Since these hops are expensive, one simple idea is to make them more "worth it" by putting more data into each node, i.e an unrolled linked list. So in our case, instead of <prefix, new_byte> we can use <prefix, suffix_str[N]> where suffix_str will hold not a single new byte but multiple of them.

If N was 2, the same "cab" substring would be decoded in the following manner (notice it takes 2 hops opposed to 3):

table[512] == <prefix: 99, suffix: "ab">. Append "ab" to output and go to the prefix index of 99.
table[99] == <prefix: nil, suffix: "c">. Append "c" to output. No more prefix index.
Output is now ["ab", "c"]. Reverse the "buckets" and concatenate them: ["ab", "c"] => ["c", "ab"] => "cab"

With N being 32, we've taken the worst case of ~65k hops and reduced it down to ~4k. In practice, this can end up being 8x faster compared to the traditional linked list approach. The cost is that now the dictionary takes more memory, roughly 2MiB with N being 32. A worthwhile trade off in my books.

Implementation details

While the above gives a high level overview of the algorithm, there are a few implementation details I've glossed over. Below are some of the interesting bits.

Node representation

If we have a linked list, we need some way to represent a "nil" prefix. In the traditional linked list approach, we didn't need to have an explicit nil index, if our current index is below 256 we know that it doesn't have a prefix. And we know that every substring's last node will be below 256 since each node only has a single new suffix byte.

In the unrolled list, it's perfectly valid to have a node such as <prefix: nil, suffix: "ca"> so we need to have some explicit way to encode a nil prefix. 0 cannot be used since a 0 index is a valid prefix index. However UINT16_MAX cannot be a prefix to anything else since it's the highest index, so we can use that.

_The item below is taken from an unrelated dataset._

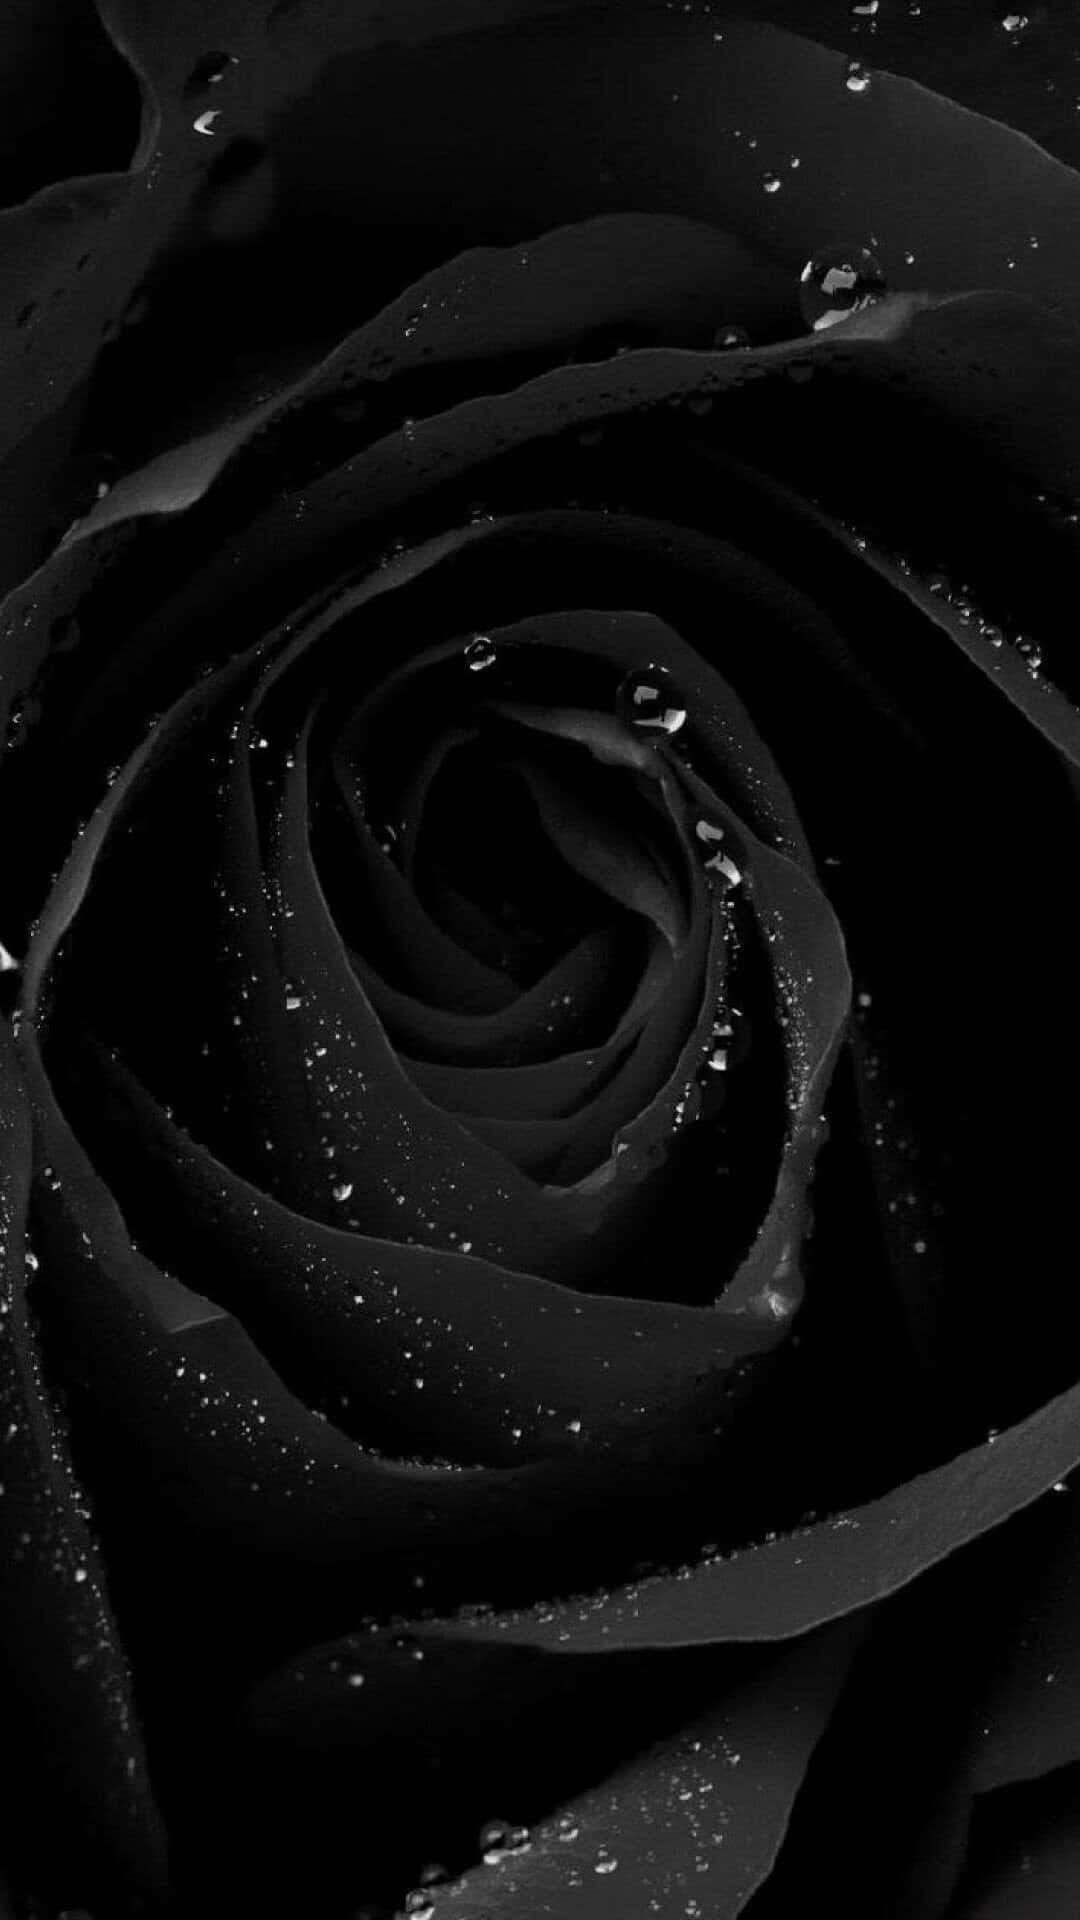 Black Rose Wallpaper Black Rose Wallpaper Black Rose Wallpaper Black Rose Wallpaper Black Rose Wallpaper Black Rose Wallpaper Black Rose Wallpaper Black Rose Wallpaper Black Rose Wallpaper Black Rose Wallpaper Black Rose Wallpaper

We will also need to track the length of the string explicitly (reminder: nul-terminated strings cannot be used here). In nix-compress the nodes in the decoding dictionary is structured like this:

#define LZW_DEC_NODE_SIZE 32   // can be anything between [4, 127]
struct {
    uint8_t str[LZW_DEC_NODE_SIZE - 1];
    uint8_t tag;
};

This may seem a bit odd. Where is the string length or the prefix index? The string length is in the lowest 7 bits of tag. The highest bit of tag tells us what kind of node we have, if it's 0 then that means it's a leaf node with no prefix. And if it's 1 then the prefix index is stored in the last 2 bytes of str. The rest of str is the suffix string.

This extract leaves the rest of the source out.